If you didn't sit down with the documentation, the pricing guide, and a calculator before you decided to build something then you share a significant portion of the fault.
I would be embarrassed to put my name on these posts admitting I can't handle my configs while blaming everyone but myself.
Serverless isn't a horror, serverlesshorrors poster. You are the horror. You suck at architecting efficient & secure systems using this technology, you suck at handling cloud spend, and you suck at taking responsibility when your "bug" causes a 10,000x discrepancy between your expected cost and your actual bill.
Just because you don't understand it doesn't mean it sucks
I'm more worried about the overconfident SRE that doesn't stay up at night worrying about these.
Or do you always log in as root, like a real man, relying purely on your experience and competence to avoid fat-finger mistakes?
Golly if only the configuration wasn't made this way on purpose exactly to cause this exact problem.
It reminds me of the Citi(?) employee who typed the wrong decimal place in a trade: computers make everything so easy!
Have the people posting these horror stories never heard of billing alerts?

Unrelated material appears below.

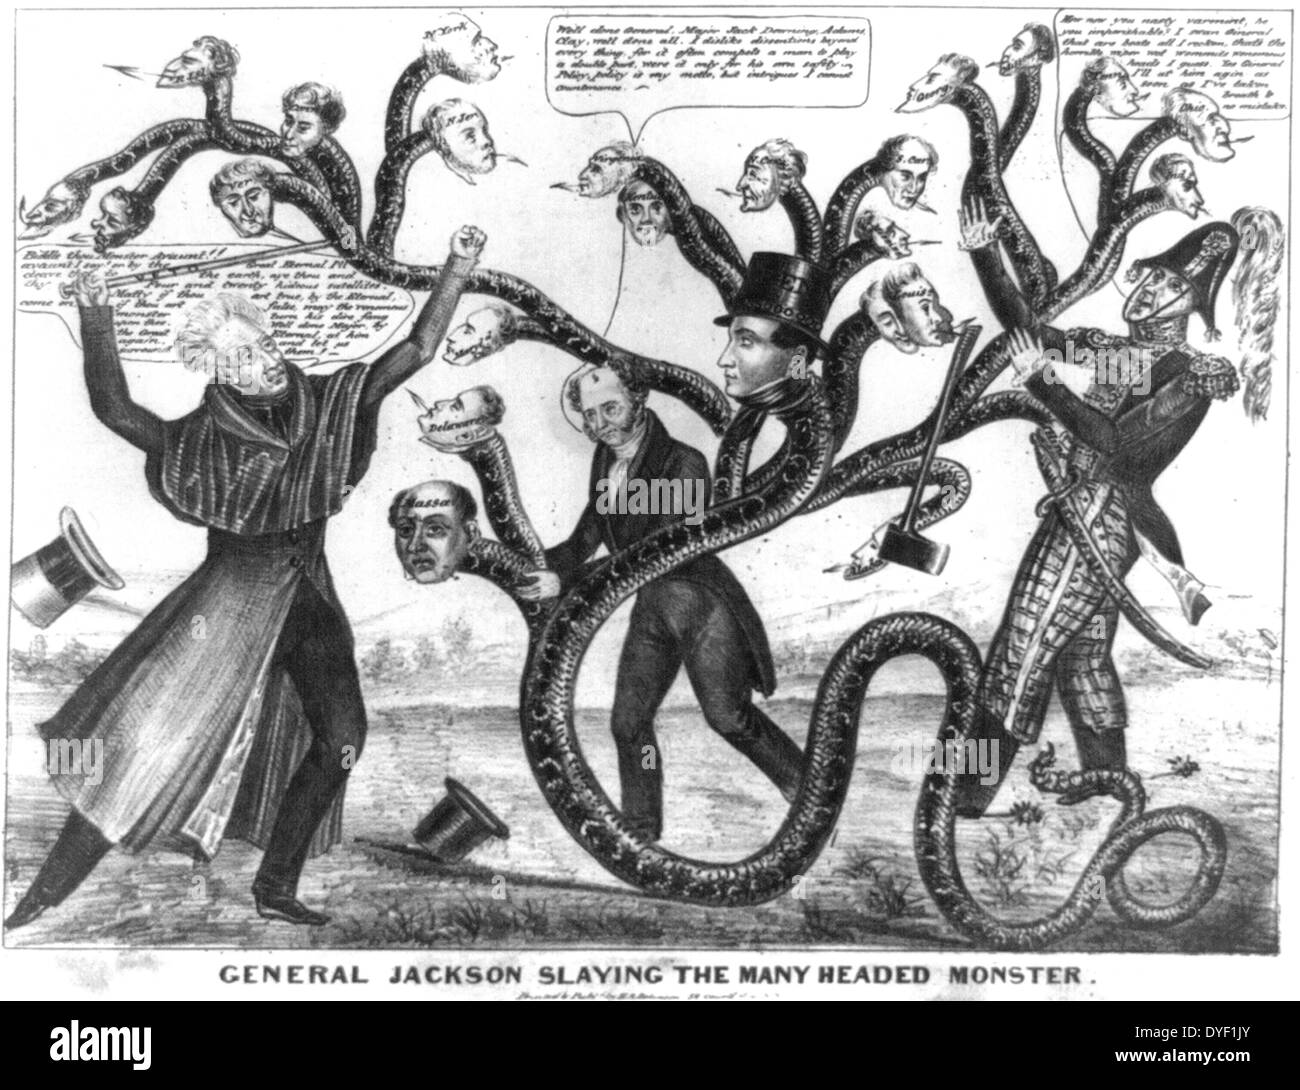 General Jackson slaying the many headed monster a political cartoon by Henry R. Robinson circa 1836. Lithograph print on wove paper. Satirising Andrew Jackson's campaign to destroy the Bank of the U.S. and its state bank support. Showing Jackson, VP Van Buren and Jack Downing fighting a many headed snake. Stock Photo
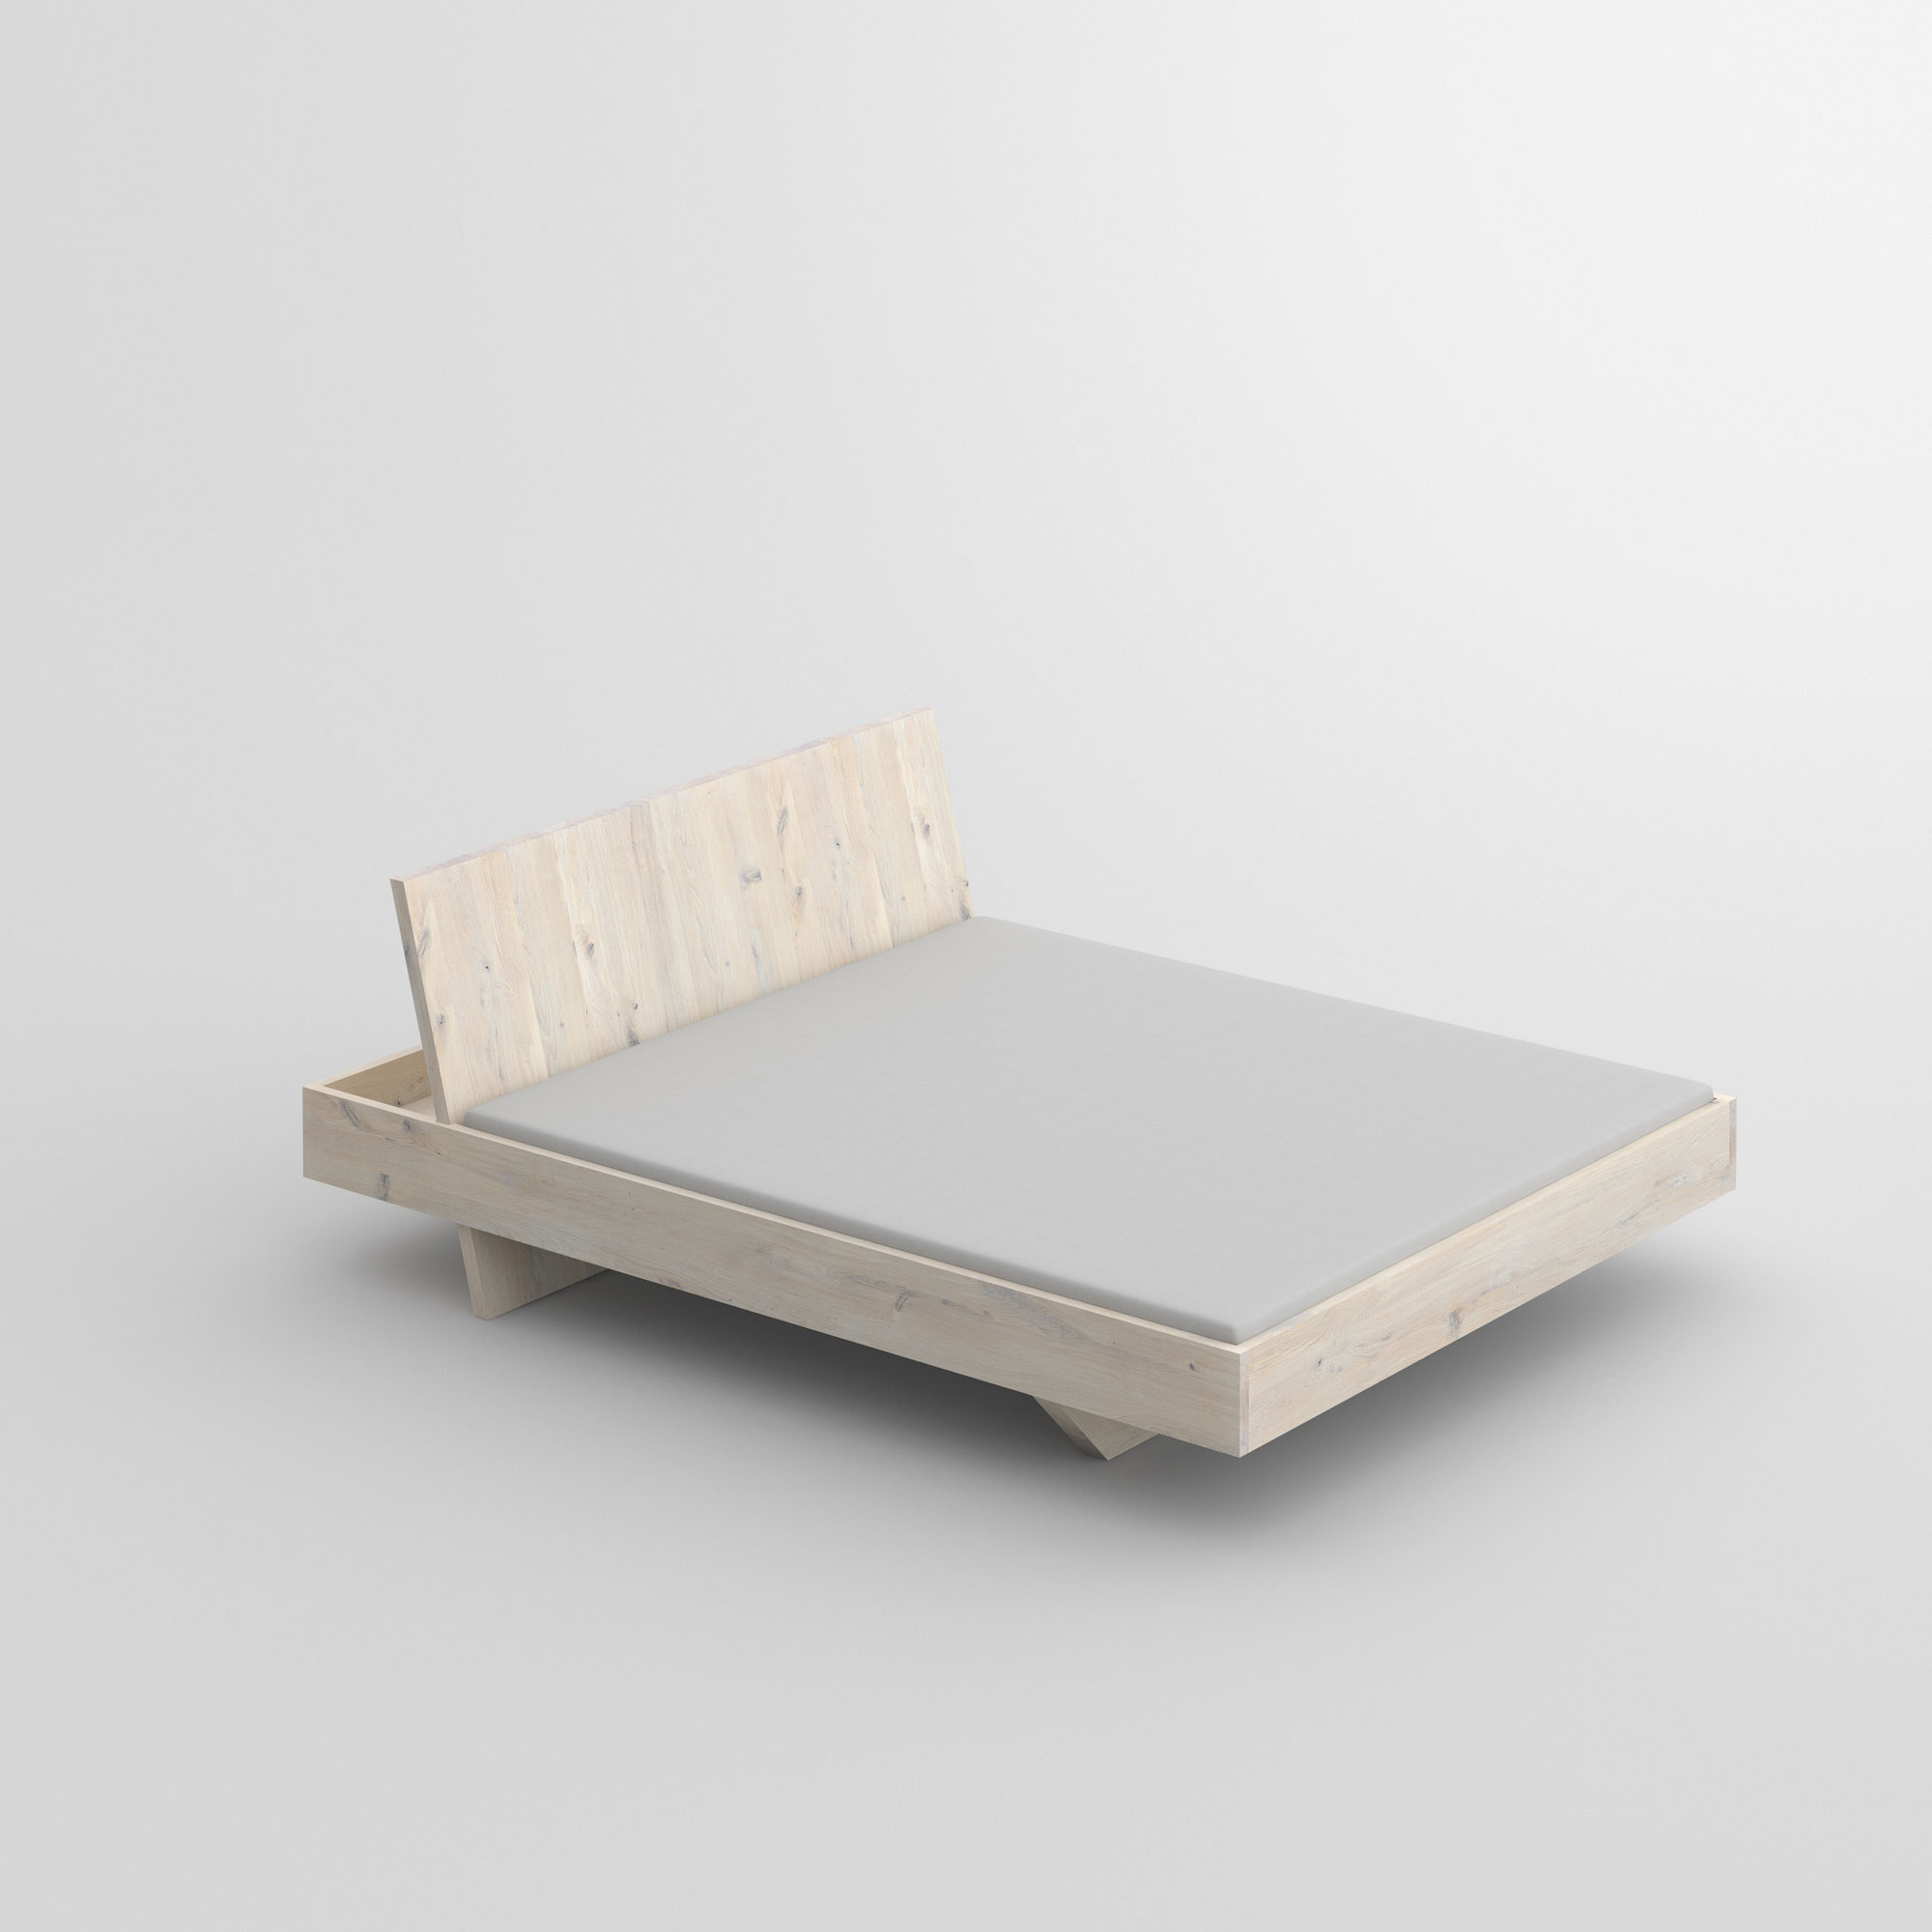 Design Solid Wood Bed SOMNIA cam2 custom made in solid wood by vitamin design

If you have bot spam, how do you actually think their billing alerts work? The alert is updated every 100ms and shuts off your server immediately? That isn't how billing alerts can or should work.
Do any of you people have budgets, or do you all rely on the unending flow of VC money?
The majority of these massive bills are due to traffic, there is pretty much no way that AWS could stop your server in time...if they had the choice, which they don't.
I think my original point was unclear: I am pointing out that if you just think about how this stuff can possibly work, billing alerts can not work in the way you expect. The alert is updated async, the horse has bolted and you are trying to shut the gate.
I don't use AWS for personal stuff because I know their billing alerts won't stop me spending a lot. Don't use them if that is a concern.
I do use AWS at work, we are a relatively big customer and it is still very expensive for what it is. The actual hardware is wildly overpriced, their services aren't particularly scalable (for us), and you are basically paying all that overage for network...which isn't completely faultless either. Imo, using them in a personal capacity is a poor idea.